Summary of numeric data types and sizes:

TypeSizeRange of ValuesPrecision
sbyte1 bytesN/A
byte1 bytesN/A
short2 bytesN/A
ushort2 bytesN/A
int4 bytesN/A
uint4 bytesN/A
long8 bytesN/A
ulong8 bytesN/A
float4 bytes7 digits
double8 bytes15-16 digits
decimal16 bytes28-29 digits

Value and Reference types

  • Value and reference types are different ways of storing data in memory

  • Variables name memory locations, but the data that gets stored at the named location is different for each type

  • For a value type variable, the named memory location stores the exact data value held by the variable (just what you’d expect)

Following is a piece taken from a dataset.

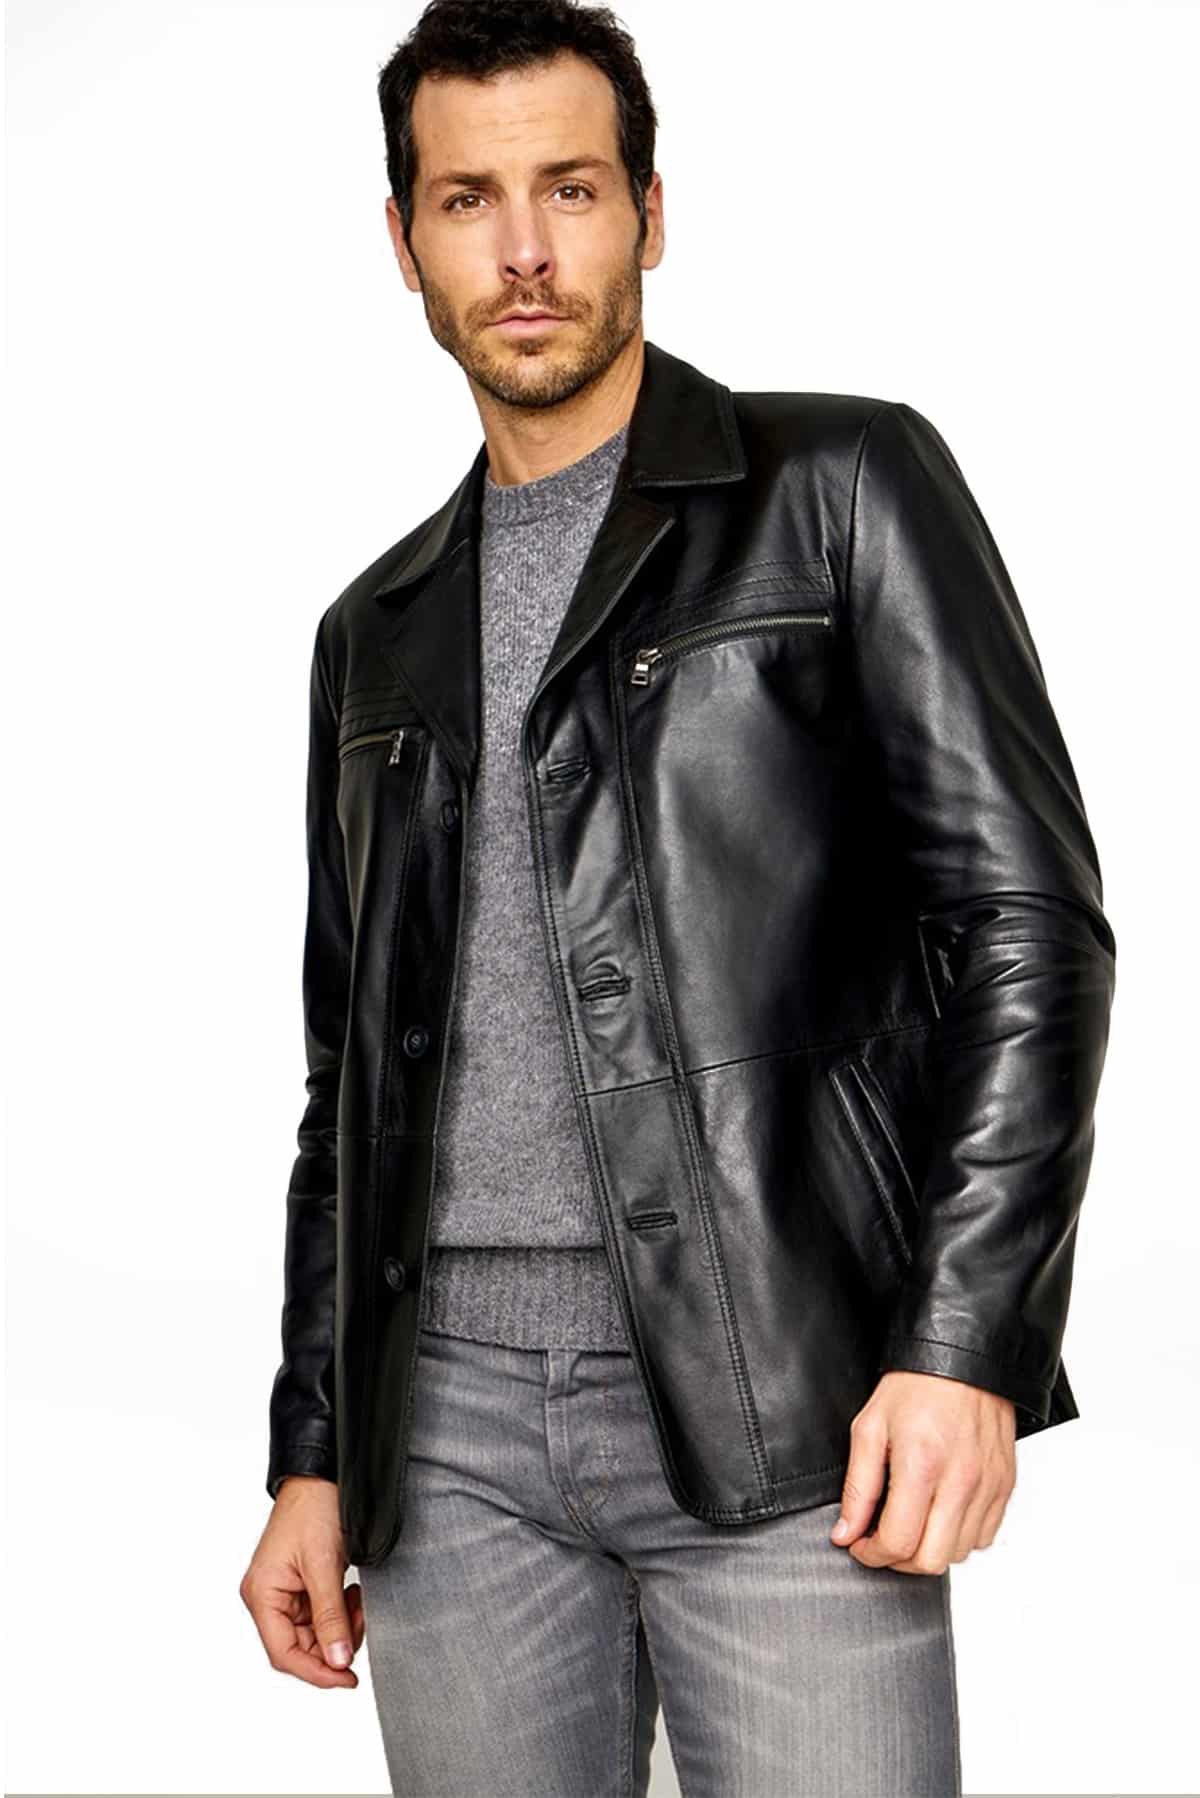 genuine leather jacket pakistan

  • Value types: all the numeric types (int, float, double, decimal, etc.), char, and bool

  • For a reference type variable, the named memory location stores a reference to the data, not the data itself

    • The contents of the memory location named by the variable are the address of another memory location
    • The other memory location is where the variable’s data is stored
    • To get to the data, the computer first reads the location named by the variable, then uses that information (the memory address) to find and read the other memory location where the data is stored
  • Reference types: string, object, and all objects you create from your own classes

  • Assignment works differently for reference types

    • Assignment always copies the value in the variable’s named memory location - but in the case of a reference type that’s just a memory address, not the data

    • Assigning one reference-type variable to another copies the memory address, so now both variables “refer to” the same data

    • Example:

      string word = "Hello";
      string word2 = word;

      Both word and word2 contain the same memory address, pointing to the same memory location, which contains the string “Hello”. There is only one copy of the string “Hello”; word2 does not get its own copy.

Footnotes

  1. At this point, you may wonder “why don’t we always use the most precise datatype instead of using imprecise ones?“. There are three dimensions to consider to answer this question: first, using decimal takes more memory, hence more time, than the other numerical datatypes. Second, they are a bit more cumbersome to manipulate, as we will see later on. Last, you generally don’t need to be that precise: for example, it would not make sense to use a floating-point number to account for human beings or other indivisible units. Even decimal may be an overkill for floating-point values sometimes: for instance, the NASA uses 3.141592653589793 as an approximation of pi for their calculations. A double can hold such a value, so there is no need to be more precise.